From Prejudice to Prevention: New VEOHRC Report on Anti-Vilification

Check out this new report by the Victorian Equal Opportunity and Human Rights Commission. Commissioned in 2023, it responds to a recommendation from the Victorian Parliament’s Legal and Social Issues Committee to dig deeper into what drives vilification and prejudice, and what actually works to prevent it.

The goal of this report is to provide a clear evidence base for policymakers, communities and organisations to design effective and lasting responses to hate.

The Commission brought together three strands of evidence:

  • existing academic research from Australia and overseas
  • expert views from practitioners and researchers
  • community consultations to capture lived experience.

Together, these sources provide a broad picture of what drives prejudice (negative mindsets about other groups) and vilification (harmful behaviours based on those attitudes), and what strategies have been tested to reduce them.

The report highlights nine best practice principles for designing prevention programs. These include tailoring strategies to local contexts, co-designing with communities, piloting and evaluating interventions, and sharing lessons learned.

It also maps out the different drivers of prejudice and vilification. These operate at psychological, social, and structural levels, and include feelings of threat, media narratives, exposure to hate (especially online), and trigger events such as pandemics, terrorist attacks or political debates. Historical and systemic factors, including colonisation and marginalisation, also play a continuing role.

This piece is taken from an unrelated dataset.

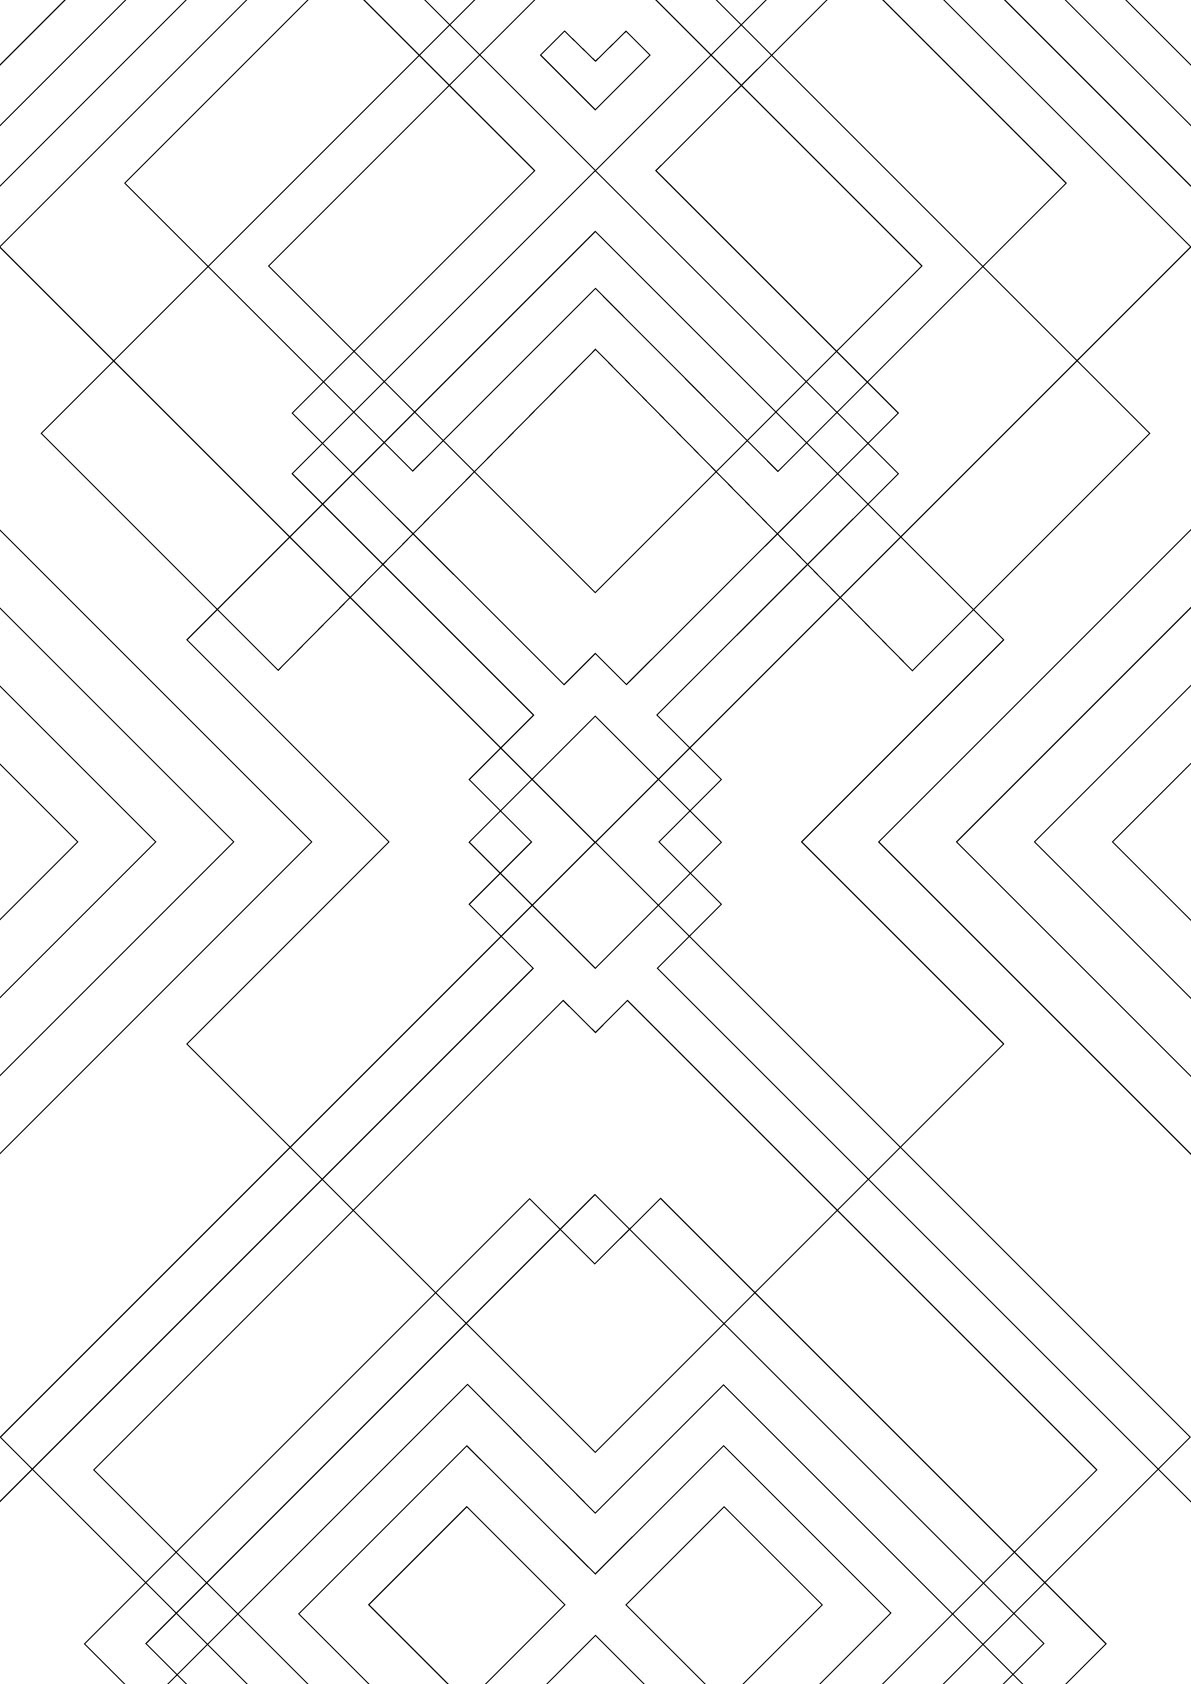 Visual Album porter robinson Polygon Dust Geometric Art Polygons abstract

On the prevention side, the report reviews more than five evidence-based approaches, including awareness and education, positive intergroup contact, perspective-taking, and strategies that challenge stereotypes. It also presents case studies of past initiatives, showing how prevention can combine multiple approaches and operate across schools, workplaces, media, and community settings.

For policymakers, the report provides a toolkit to guide future action: interventions should be evidence-based, scalable, sustainable, and evaluated with rigour. For researchers, the findings point to gaps where more work is needed, such as prejudice linked to attributes beyond race and religion, and the intersections between different forms of hate.

The report is designed to be a practical resource for governments, organisations, and communities in Victoria that are working to create safer, more inclusive spaces for everyone.